Emergency-room physicians at smaller hospitals on the Island, including Saanich Peninsula, are being called on this week to fill shifts in late May and June on an “urgent basis.”
If 16 open shifts in late May and June go unfilled, overnight closings might be required, Saanich Peninsula ER physician Dr. Jeff Unger said, noting the summer and fall look even worse, “with insufficient staffing for up to 30 per cent of our shifts.”
Unger said the hospital has been “scraping by month to month” since last fall, with last-minute coverage by a dwindling staff of physicians working more shifts, out-of-province emergency physicians flying in for short periods, or non-emergency-certified family physicians filling in.
Two of the hospital’s emergency physicians recently left for early retirement and two are now off for personal health reasons, “all attributable to burnout from the last several years of being pushed beyond sustainability,” Unger said.
Saanich Peninsula has been recruiting emergency physicians for a year and a half, yet six new full-time physicians are still needed, he said.
Unger said the current crisis stems from inadequate human resources and increasing patient volumes over the past two years.
B.C. Health Minister Adrian Dix, making an announcement about cancer care on Monday, said the province is working with hospitals across the province to address the issues, which have also been experienced by Langley Memorial and Surrey Memorial hospital emergency departments on the Lower Mainland.
Dix noted the province has hired 38,000 net new health care workers since 2017 and has made significant investments in primary care.
Unger said there are too few beds for the increasing number of people seeking care, an aging population, and people with chronic disease experiencing worsening illness post-pandemic. The result has long been called “bed block,” where admitted patients with nowhere to go remain in emergency department beds.
“This has been a growing issue for decades, but far worse now,” said Unger.
At Saanich Peninsula Hospital, for example, hospital capacity averaged 115 per cent in 2022-23, which Unger called “the worst ever.” At times, it was as high as 150 per cent, he said.
The average admitted patient waited 24 hours for an inpatient bed, “again the worst ever,” said Unger.
It’s not uncommon at Saanich Peninsula to have emergency department waits of up to 11 to 12 hours, with no chairs or space in the waiting room, he said.

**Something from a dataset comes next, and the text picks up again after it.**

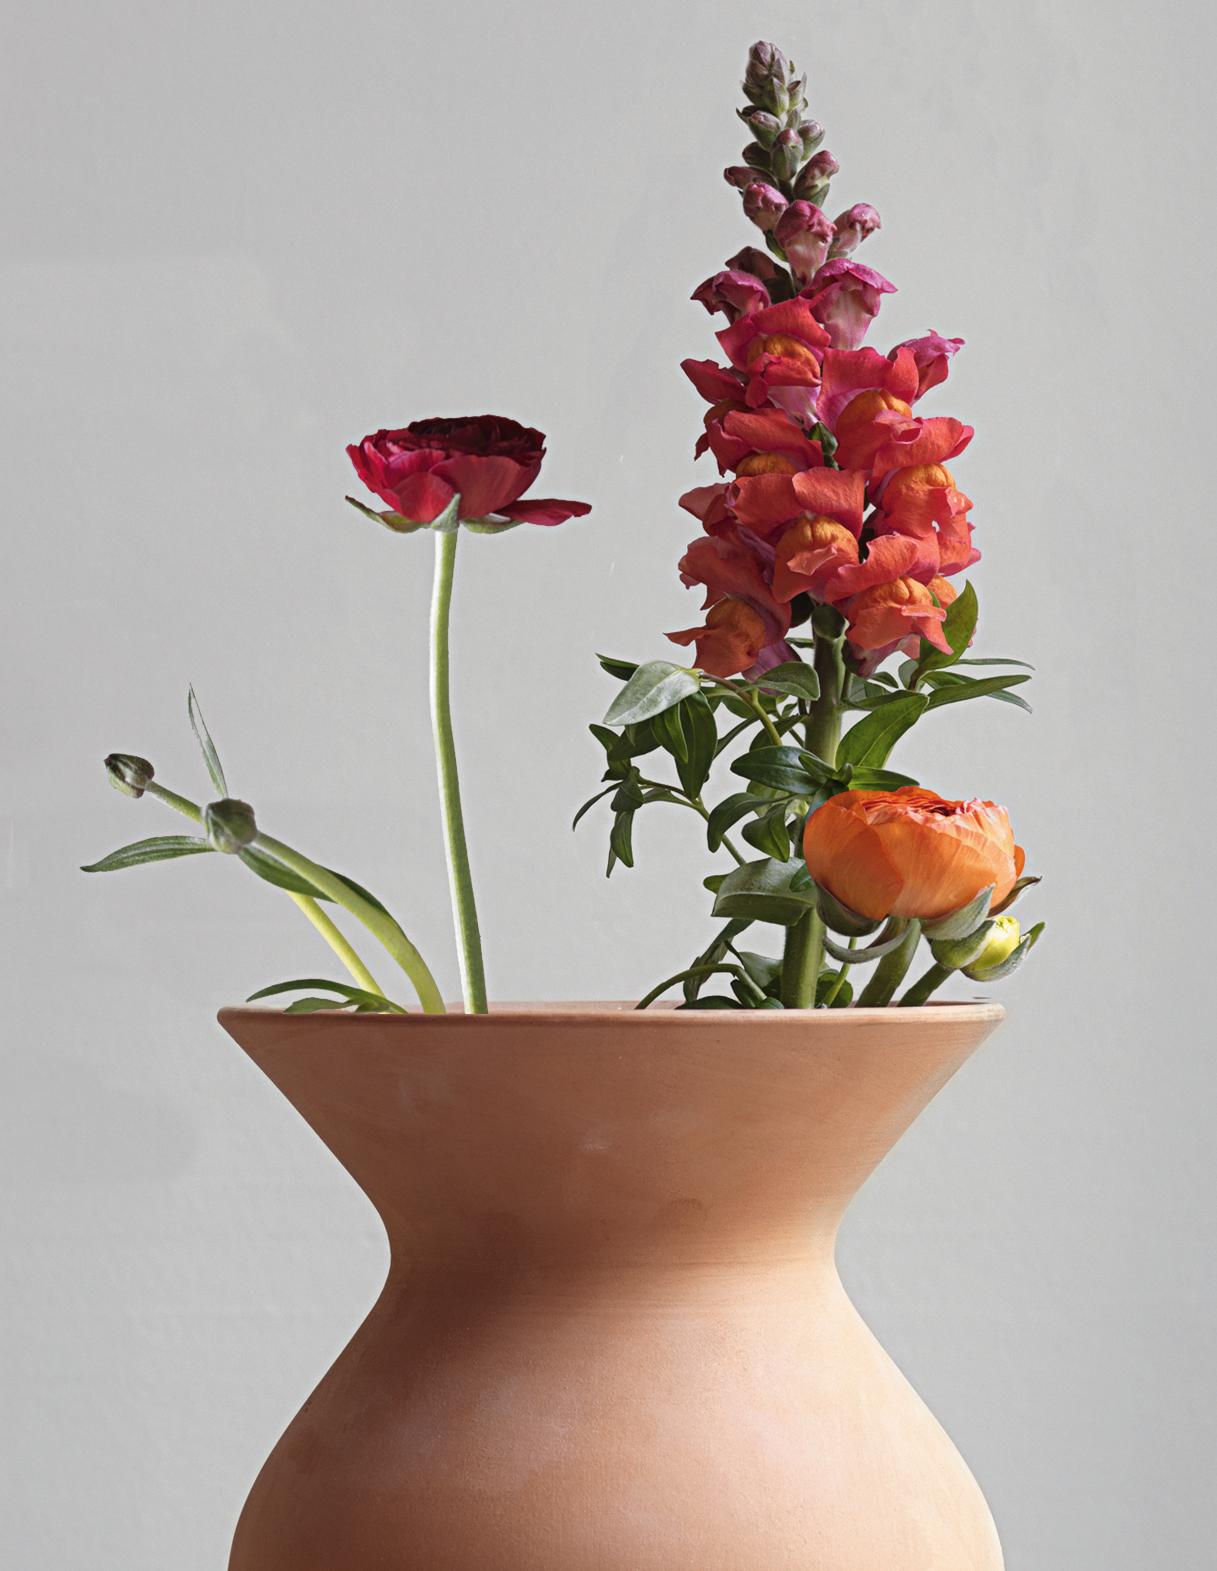 Hand-Crafted Set of 3 Outdoor Terracotta Vases from the series

Despite “rapid response” and “code orange” disaster protocols for such situations in all hospitals across B.C., “there seems to be very limited cultural, operational and leadership motivation to instituting these on a regular or robust manner,” said Unger. The reason in part is because of its daily occurrence and a “learned helplessness” that’s developed.
The Doctors of B.C. section of emergency medicine said last week that health authorities must empower physicians and nurses to call a “code orange” — a signal to move patients into other areas of the hospital when the emergency department reaches critical limits for admitted patients.
Unger argues there has not been enough baseline funding to staff hospitals and emergency departments, and that retirements have been excessive, leaving remaining health care workers with burnout.
“This is every part of the care team — cleaners, unit clerks, lab and medical imaging tech, care aids, nurses, and physicians,” said Unger.
Saanich Peninsula has also been using “agency nurses” to fill in almost half the nursing shifts over the last year.
On May 13, there were two nurses on shift overnight at the 18-bed emergency department who were also responsible for any critically ill inpatients on the wards and any cardiac arrests in the hospital, he said.
Emergency department patient volumes at Saanich Peninsula have increased 30 per cent since 2019-2020, and May of this year has been the busiest on record. Unger said it’s already 15 per cent more than the average last year, and 45 per cent above pre-COVID levels. “Many days now we care for 70 per cent more emergency department patients than pre-COVID.”
Unger argues that increased patient volumes are attributable to inadequate primary care, limited capacity for urgent visits, “inefficient” Urgent and Primary Care Centes, an aging population, and poor preventative care.
Unger expects the province’s new longitudinal primary care model introduced in February to increase payments for family doctors to alleviate many of the primary-care problems in the coming years, saying that that if UPCCs were run more efficiently, they, too, might help.